STORED DATA -
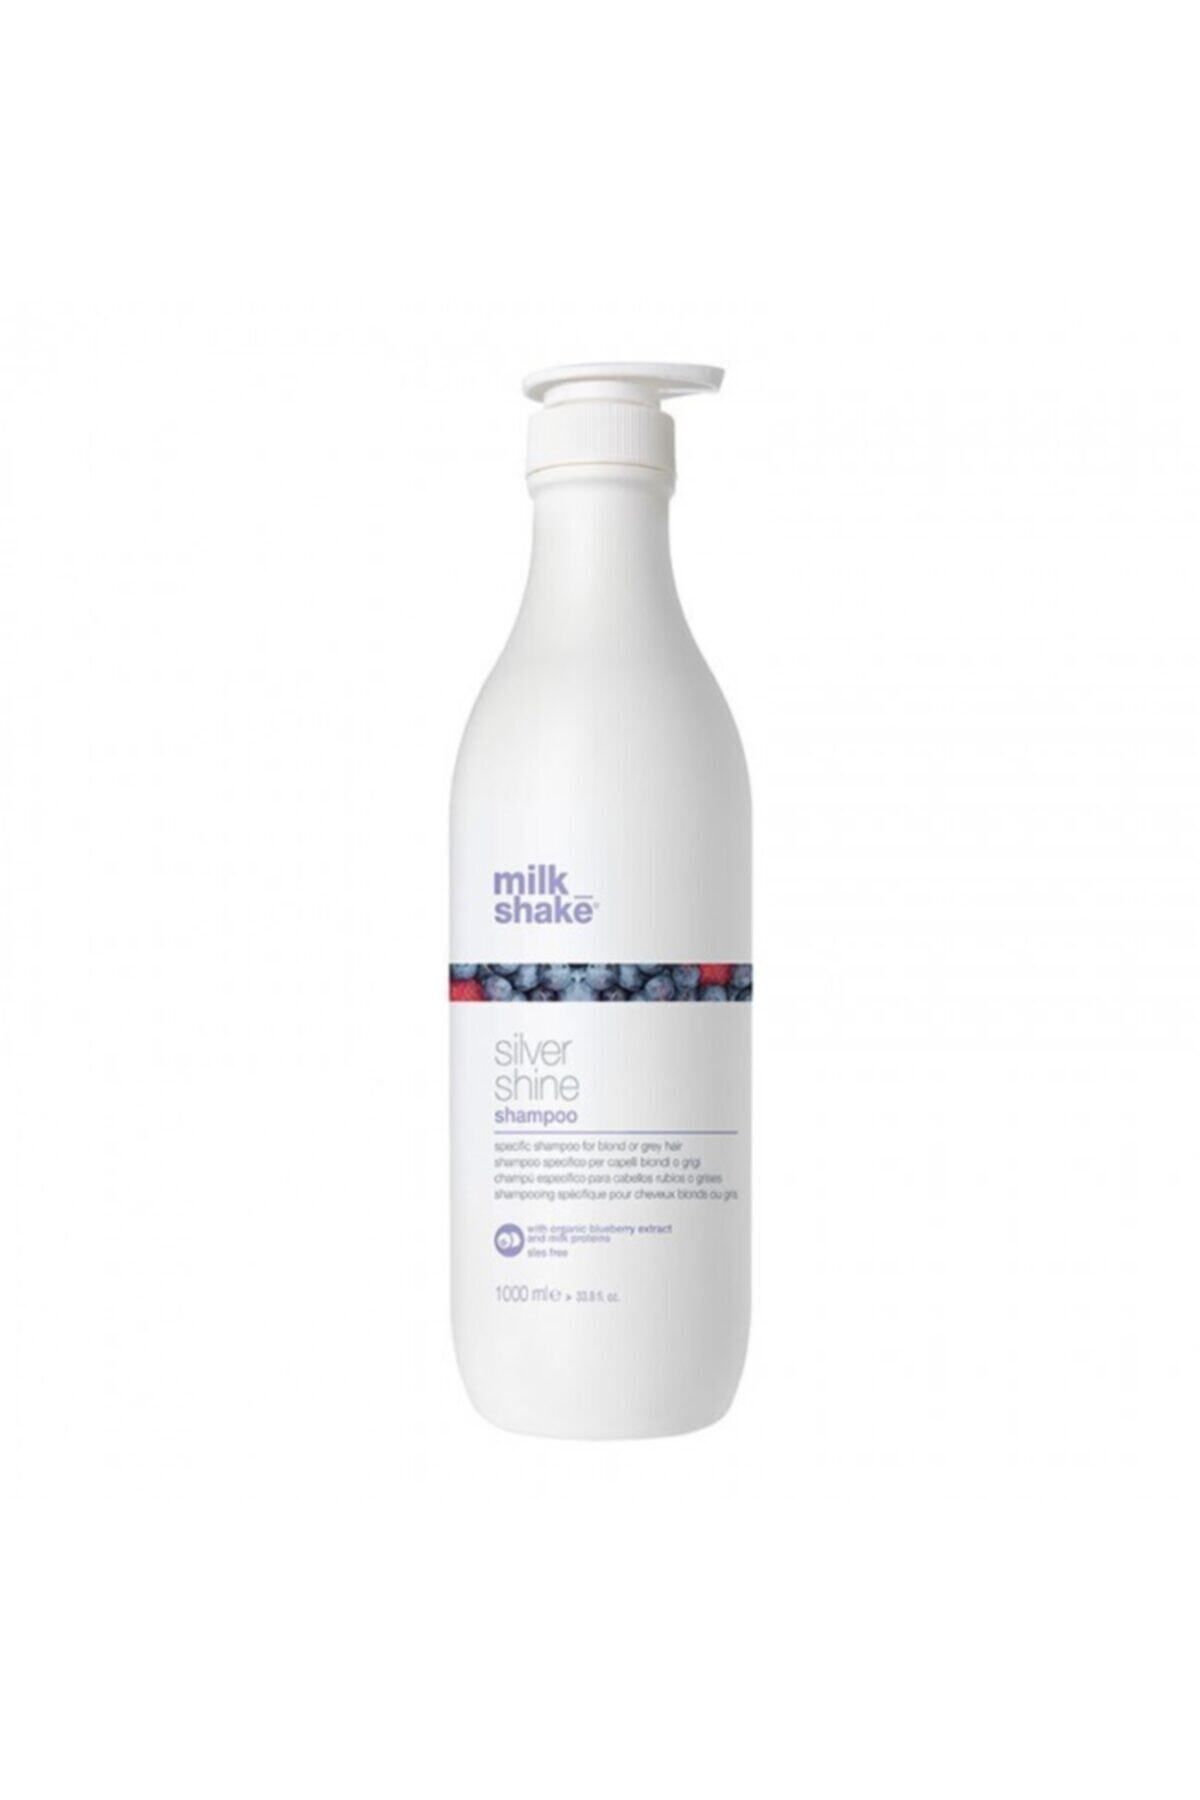 Milkshake Milk Shake Silver Shine Beyaz Gri Ve Platin Saçlar Için Şampuan 1000 ml
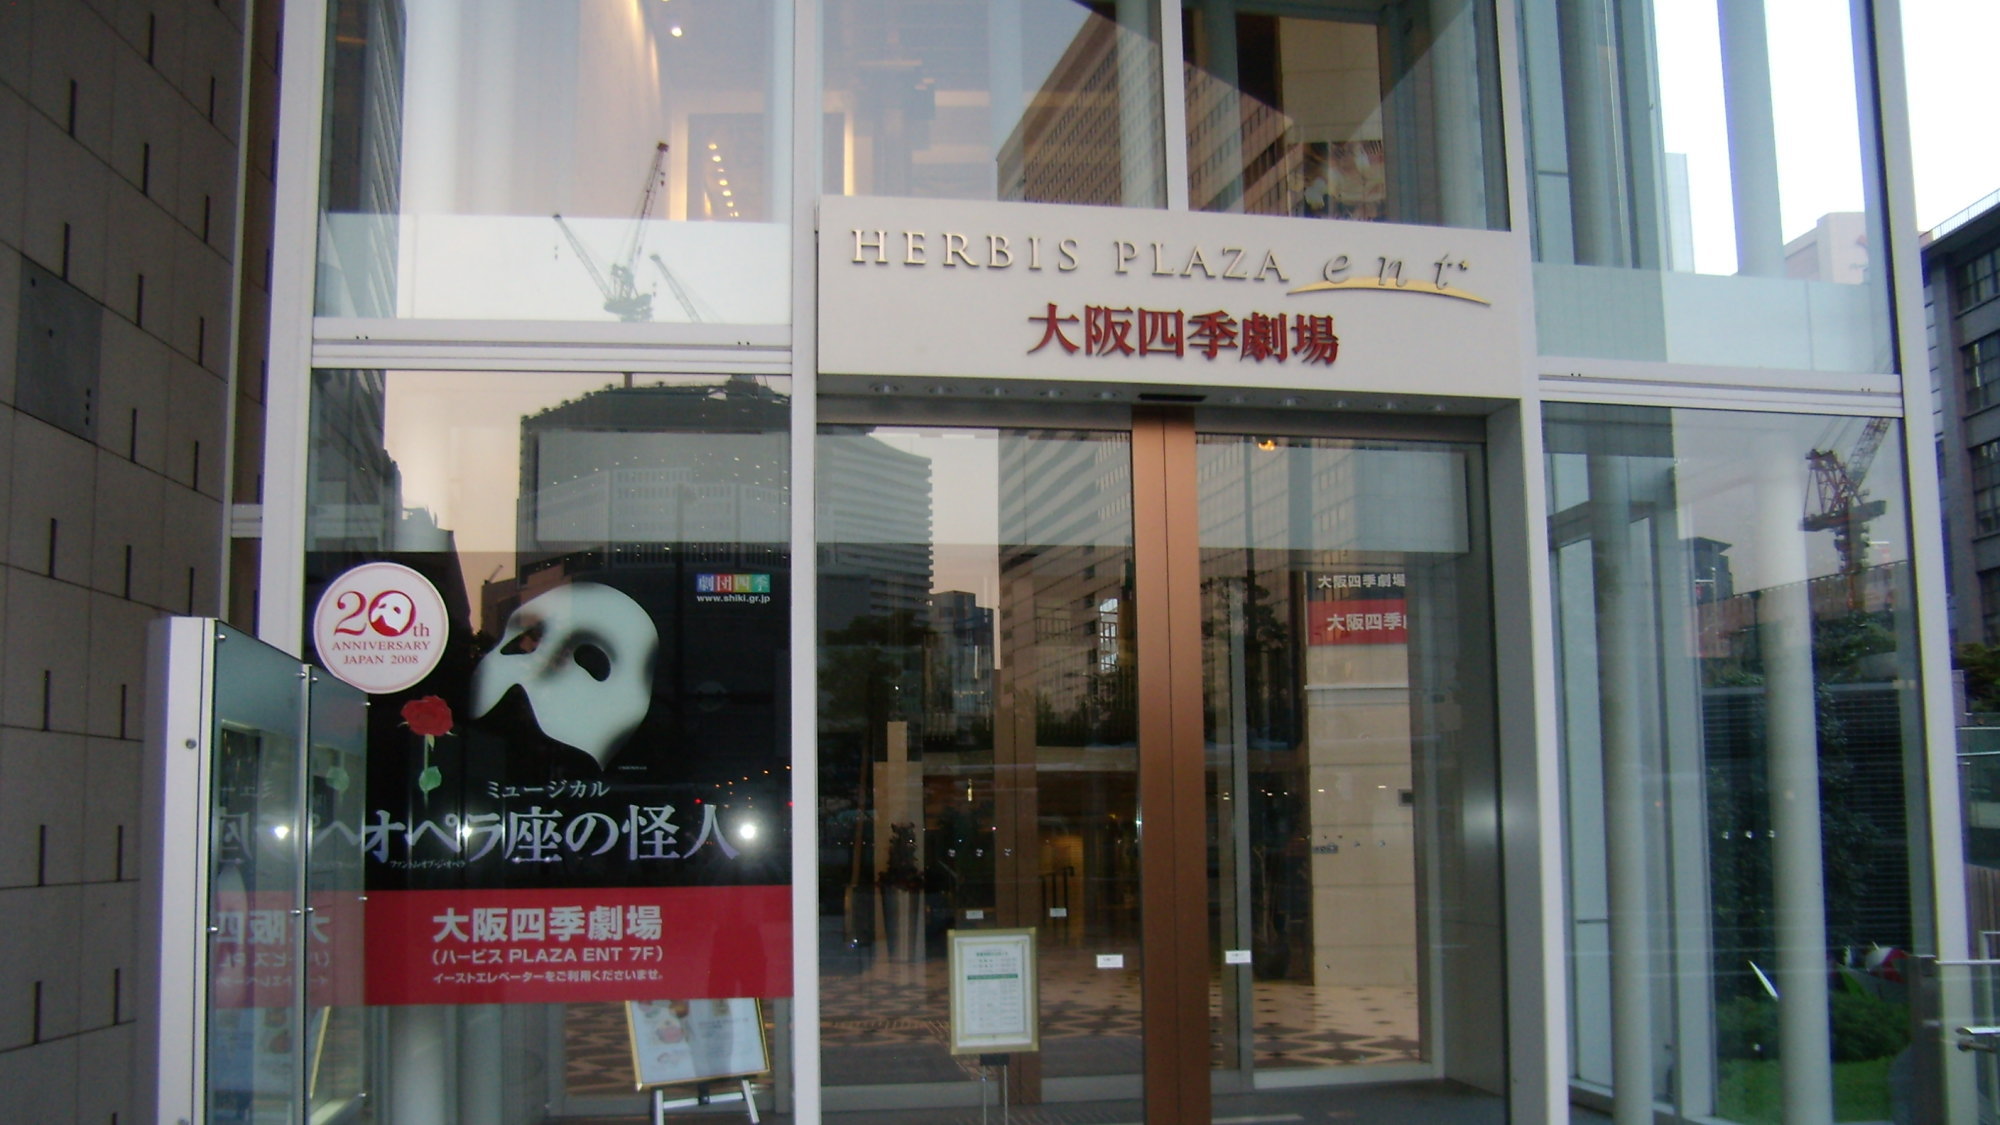 ■周辺施設：「大阪四季劇場」ハービス・エント7階に併設されている劇場。
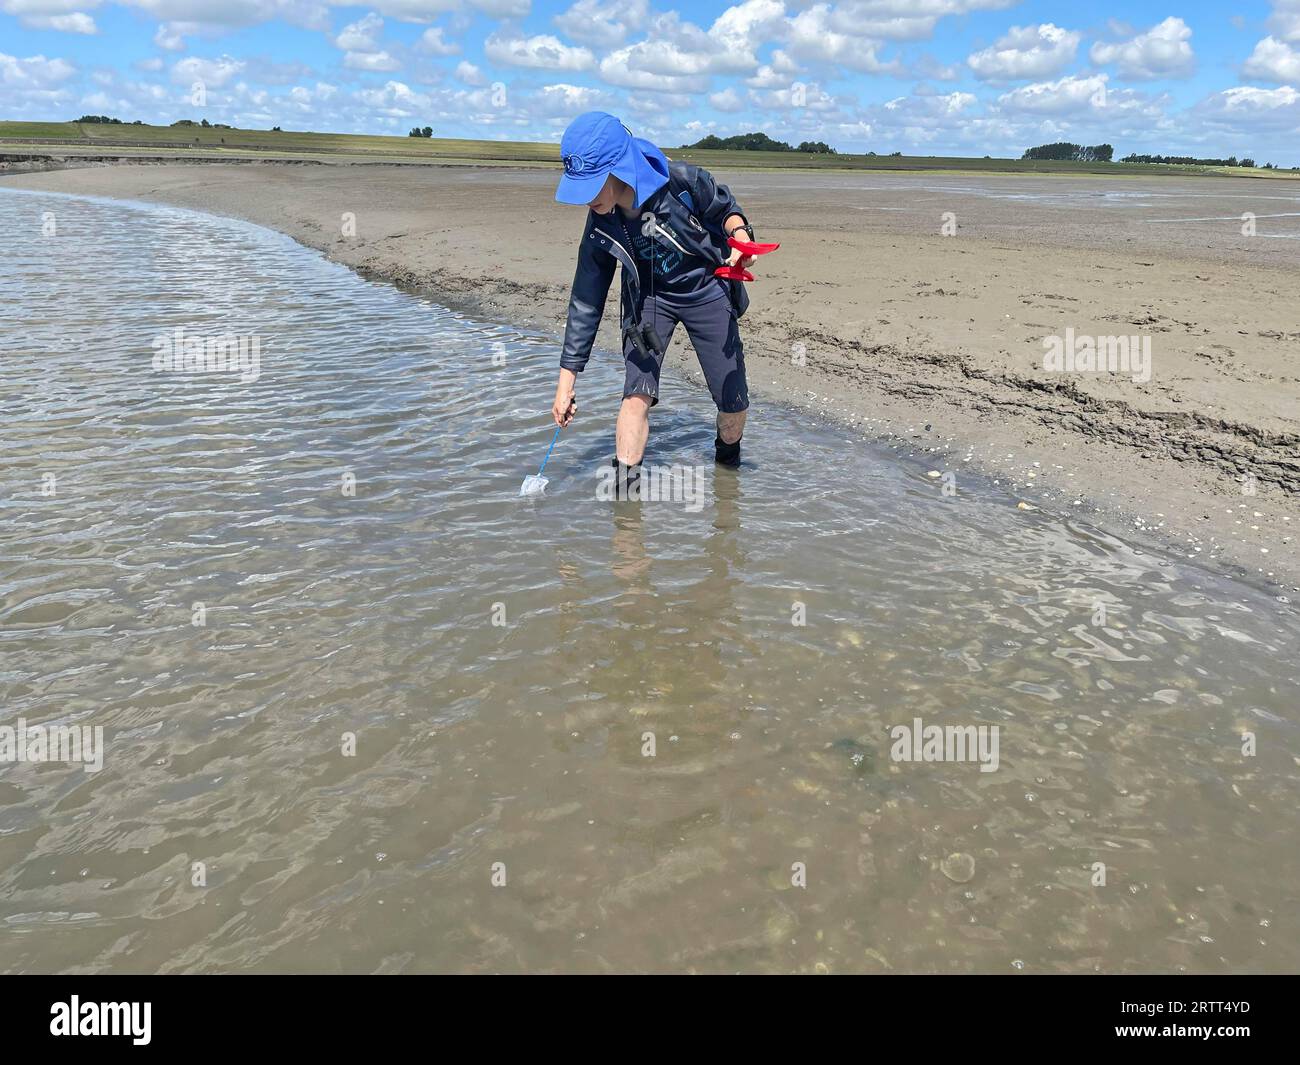 Promenade en plaine boueuse, les jeunes attrapent des crevettes brunes (Crangon crangon) dans la plaine de marée, mer des Wadden, marée basse, parc national, site du patrimoine mondial de l'UNESCO Banque D'Images

WHAT IS NEEDED - Write out the listing above again, exactly, but with no pictures in the copy.

FINISHED EXERCISE -
 Milkshake Milk Shake Silver Shine Beyaz Gri Ve Platin Saçlar Için Şampuan 1000 ml
 ■周辺施設：「大阪四季劇場」ハービス・エント7階に併設されている劇場。
 Promenade en plaine boueuse, les jeunes attrapent des crevettes brunes (Crangon crangon) dans la plaine de marée, mer des Wadden, marée basse, parc national, site du patrimoine mondial de l'UNESCO Banque D'Images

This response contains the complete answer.